• De la tactique en politique

     

    Du théorème de Schmidt au démantèlement du droit du travail

     

     

    Giscard et Schmidt jouant aux échecs 

    Depuis quelques semaines les provocations de Hollande, Valls, Macron et Rebsamen interpellent. L’opinion se demande s’ils sont vraiment idiots ou s’ils possèdent une tactique subtile en vue de se faire réélire en 2017. Rappelons les faits. C’est Hollande, en bon chef de troupe qui lance la bataille en commençant au début de l’année 2014 par faire son coming out libéral et en annonçant son plan destiné à transférer plusieurs dizaines de milliards d’euros des caisses de l’Etat vers le patronat, prétextant que cela boostera l’investissement et ensuite la croissance et l’emploi. Cette logique sous-jacente, on la connait depuis une quarantaine d’années, elle est connue comme « le théorème de Schmidt », du nom du chancelier « social-démocrate » allemand de l’époque Helmut Schmidt. Cette théorie de l’offre, Valérie Giscard d’Estaing a prétendu la mettre en œuvre en France. C’est seulement la parenthèse de 1981-1983 qui l’a enrayée. Mais depuis le virage européen de Mitterrand, elle a toujours été le guide de l’action publique en France, quelles que soient les alternances. Pour la mettre en musique on utilise principalement la fiscalité. On baisse les impôts sur les revenus des plus riches et sur les entreprises. Evidemment comme l’Etat a toujours besoin d’argent, notamment parce que la dette augmente, il convient de compenser cette perte de recettes fiscales par une hausse de la TVA. La TVA étant payé par tout le monde, y compris les pauvres[1], c’est un transfert directement des pauvres vers les riches. A ses débuts, la TVA était de 17,6%, elle est aujourd’hui de 20%, et certains voudraient la porter à 25%, les cinq points de mieux seraient appelés TVA « sociale ».

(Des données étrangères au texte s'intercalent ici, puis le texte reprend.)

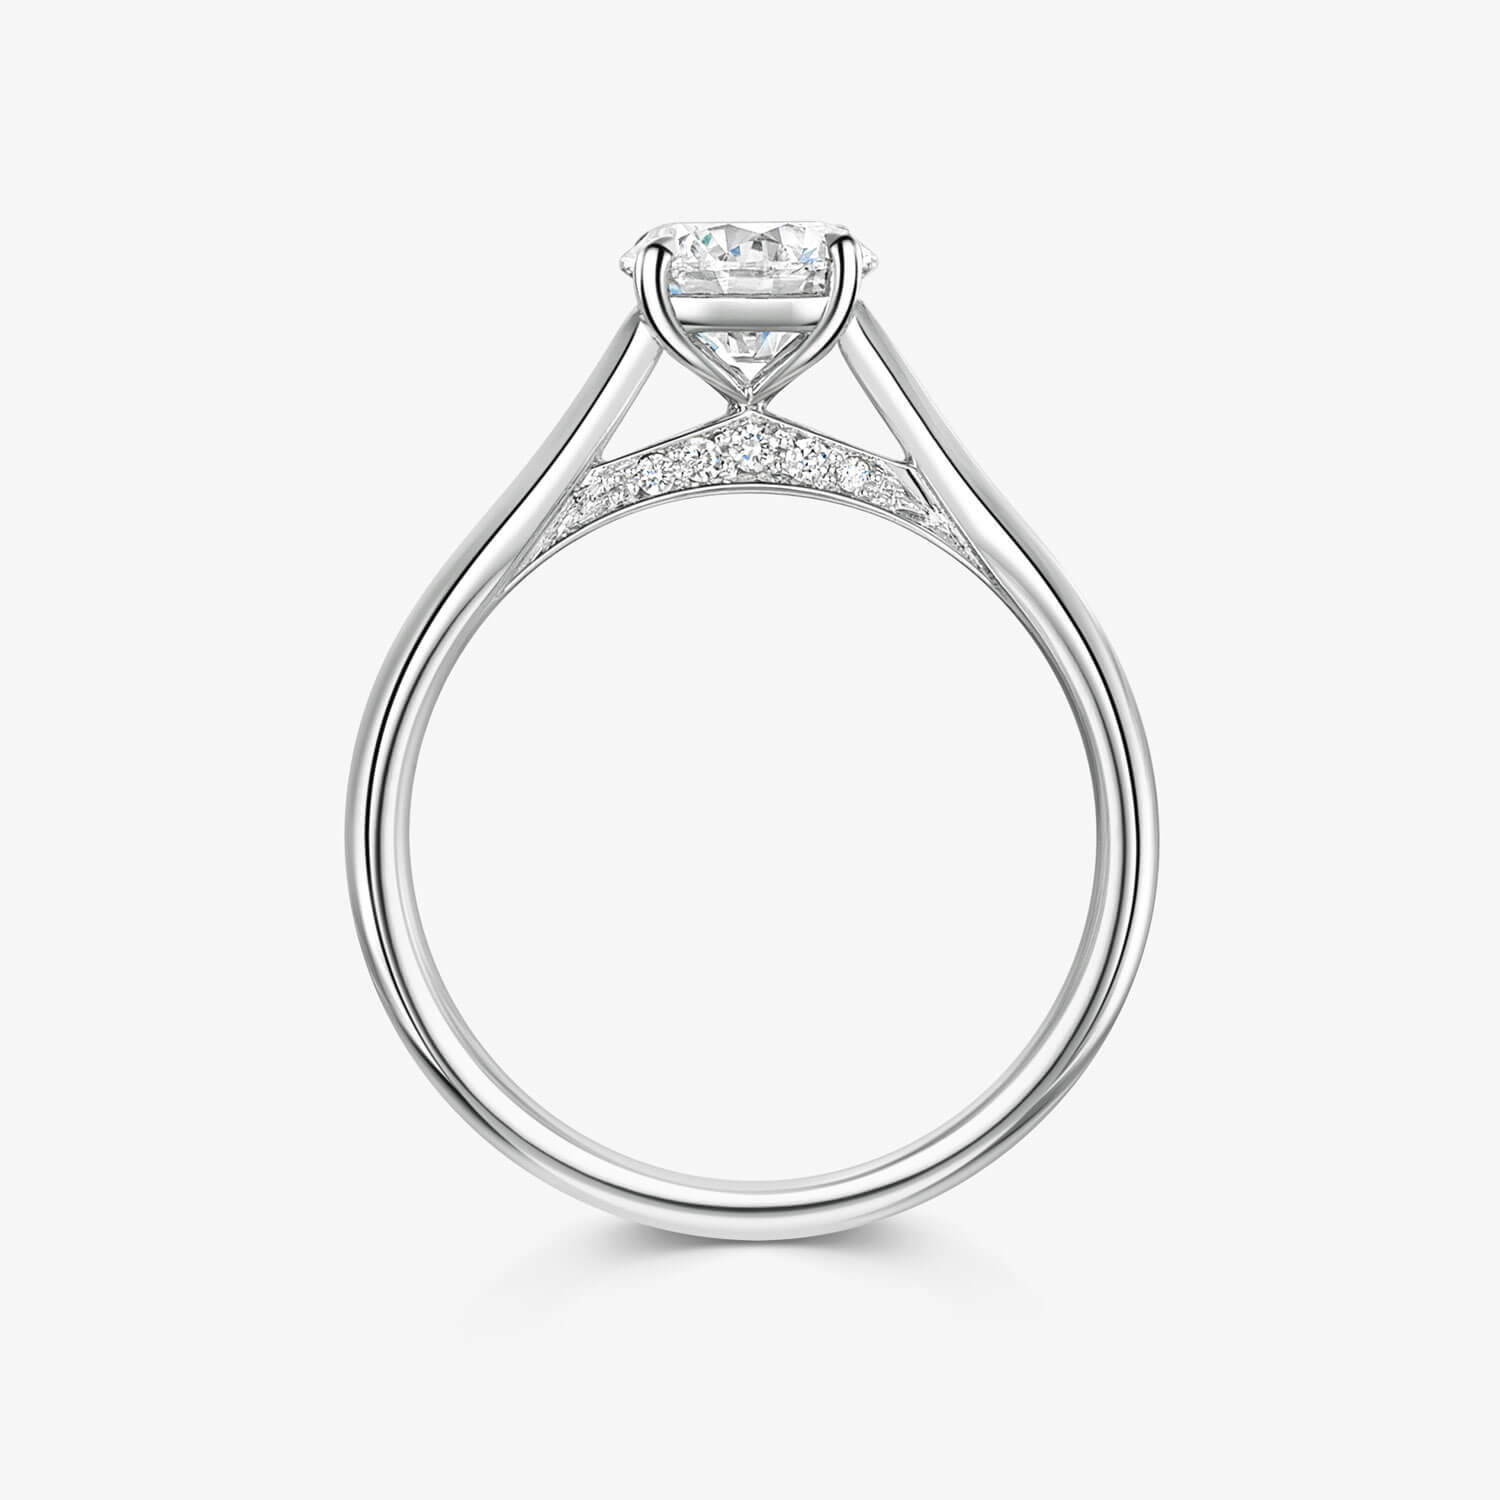 Round Brilliant Diamond Engagement Ring With Hidden Diamonds

    Le second volet de cette politique de l’offre a été avec une constance étonnante depuis 1983 de durcir les conditions d’éligibilité aux allocations chômage : celles-ci vont devenir au fil du temps plus faibles et seront perçues moins longtemps. L’idée lumineuse derrière cette politique est que les allocations chômage favorisent la fainéantise, dissuadent de chercher du travail, empêchent les chômeurs d’accepter un travail moins bien rémunéré que celui qu’ils ont perdu et de ce fait pèsent sur les salaires à la hausse, renchérissant le coût du travail. Cette « théorie » dont les racines remontent au XIXe siècle suppose que ce sont les chômeurs qui sont responsables de leur situation. Evidemment si on fait la soustraction entre les emplois non pourvus et le nombre des chômeurs, on aboutit toujours à un chiffre de plusieurs millions de chômeurs[2].

      

    Le taux d’emplois non pourvu est en France un des plus faibles du monde

    (source CNIS-DARES) 

    Mais s’attaquer aux allocations chômage ne suffit pas. De partout en Europe, et du reste parfois en contradiction avec la charte de l’OIT (organisation internationale du travail, dépendant de l’ONU et siégeant à Genève) on tente de modifier le droit du travail avec succès au motif de rendre le marché du travail plus flexible. Les attaques portent sur la facilitation du licenciement, mais aussi parfois contre le SMIC, et plus récemment sur les seuils sociaux, c’est-à-dire sur la représentativité syndicale dans les entreprises.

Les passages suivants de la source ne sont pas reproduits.